With this, we have managed to lower water consumption to between 8,500 and 9,000 cubic meters per hectare, depending on the variety “. The same is true in fumigations, where once a hectare was fumigated by applying 2,000 litres of water with a product, applications can now be made using only 100 litres of water per hectare.
These are the latest technologies that have been incorporated into this company, and while they are constantly analyzing which are possible to add, the diagnosis of Italo is that, for now, there is not much more that can be done. “In the table grape, 65% of the costs are in labour; in this sense, we still have no alternatives available that can be incorporated to replace the labour or make production more efficient,” he emphasizes.
Some time ago, within the products offered, the company Capel’s Co-operate also had Pisquera grapes, a crop that today has virtually no production. As Italo Schiappacasse recalls, at one time, they produced a million kilos of this type of grape. Eventually, they became old Parrones, producing very little, while the prices of these grapes fell considerably. “In the upper valleys, it is difficult to produce Pisquera grape in high volumes because the climate is arid; producing 25,000 kilos per hectare was not profitable to continue, ” adding that they do not plan to re-incorporate it, even in those areas which have been changed to table grapes.
But expanding your product basket is not something you reject entirely. First, the objective is to consolidate the current growth to produce around 500,000 crates of grapes with the plantations they already own. That’s when I could think of diversifying the production matrix, also cultivating citrus fruits, which adapt very well to the dry climate zone.
Schiappacasse clarifies that there are crops of clementine that have done well in production and date of harvest, plus it has a different installation cost than the grape and demands less labour.
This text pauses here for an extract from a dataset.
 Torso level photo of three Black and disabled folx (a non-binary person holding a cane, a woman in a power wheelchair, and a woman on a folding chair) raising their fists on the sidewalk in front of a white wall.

There were many products in the marketplace that did not correspond to the quality that was sought. Thus, the fruit was accumulated at the destination, and the marketing was complicated for all arriving, resulting in lower income. This was the panorama experienced in the table grape industry in recent seasons. Despite it, Italo Schiappacasse is optimistic. Warns that this season there will be a much smaller offer in volume and a lot better quality, which can be sold very quickly.
But in his opinion, there is a point at which the whole fruit industry must move forward, and it is a fact of being united to look for common goals, such as markets or soft financings for investments. These aspects are difficult to achieve on an individual basis.
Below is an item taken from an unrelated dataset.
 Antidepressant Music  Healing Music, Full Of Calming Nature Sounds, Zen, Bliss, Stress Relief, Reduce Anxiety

“If it is a united industry or producers ‘ associations where they can join forces for a common goal, I think it can be achieved. You could try to have a more business-friendly infrastructure financing and put pressure on the markets to search for new ones, “he suggests that cooperatives are ideal.
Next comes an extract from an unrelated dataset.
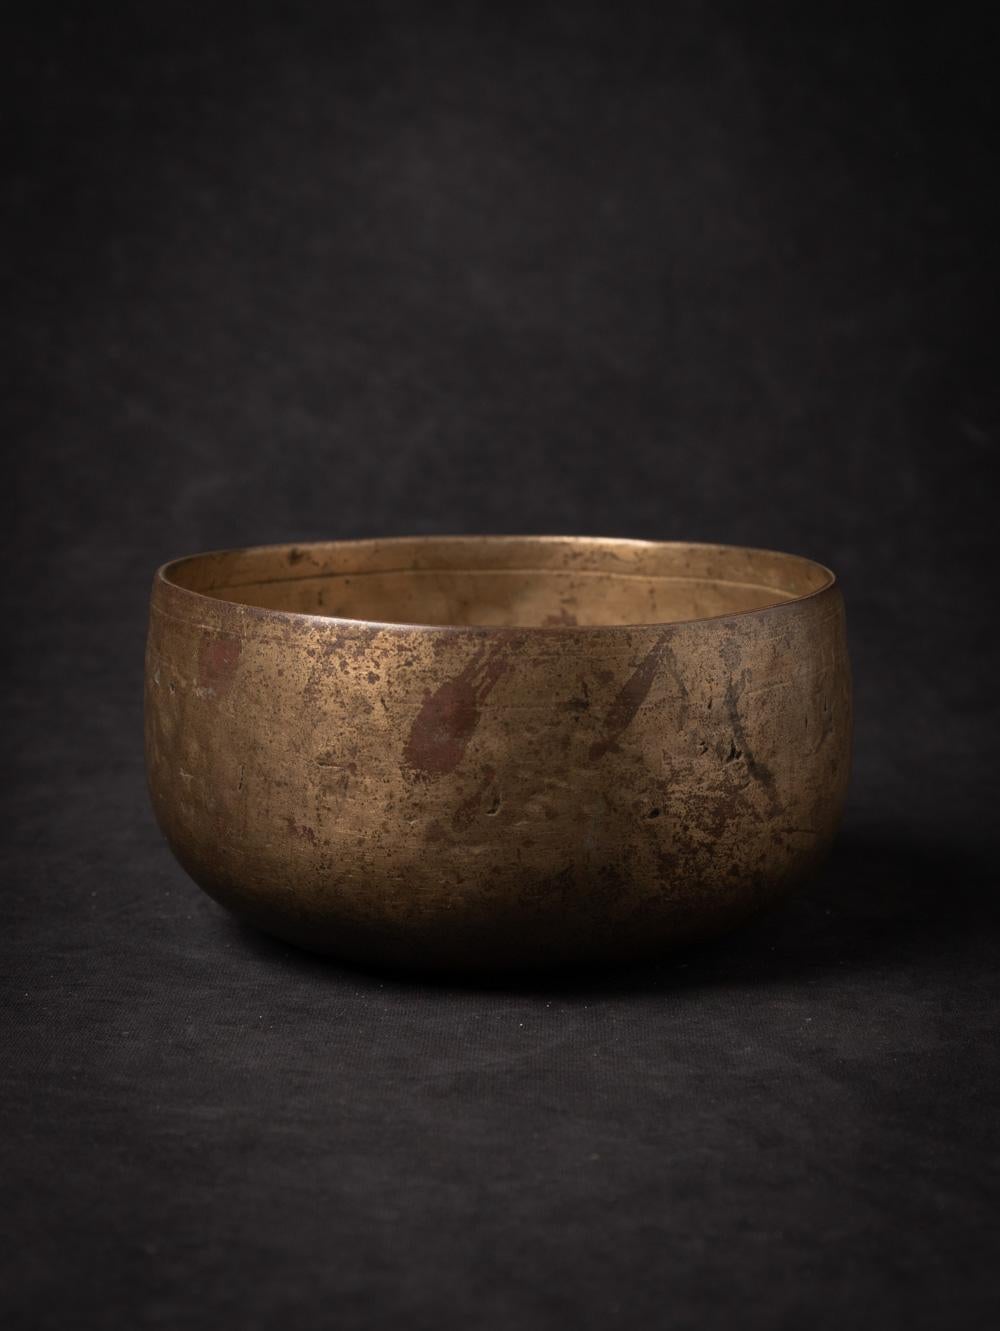 This antique bronze Nepali Singing bowl originates from Nepal and dates back to the 19th century. Crafted from bronze, it showcases the rich cultural heritage of Nepal. The bowl stands at a height of 9 cm with a diameter of 16,9 cm, making it a

One of the pillars of the Ministry of Agriculture is to enhance the associativity and creation of cooperatives, however, knowing very well the case of Capel, Schiappacasse assures that they are tough to function efficiently.
The table grape industry has been challenged and still faces several challenges. However, Italo feels optimistic, and all the difficulties he has overcome until today give him a good reason. The key is to listen to the needs of the markets but, above all, to be one step ahead.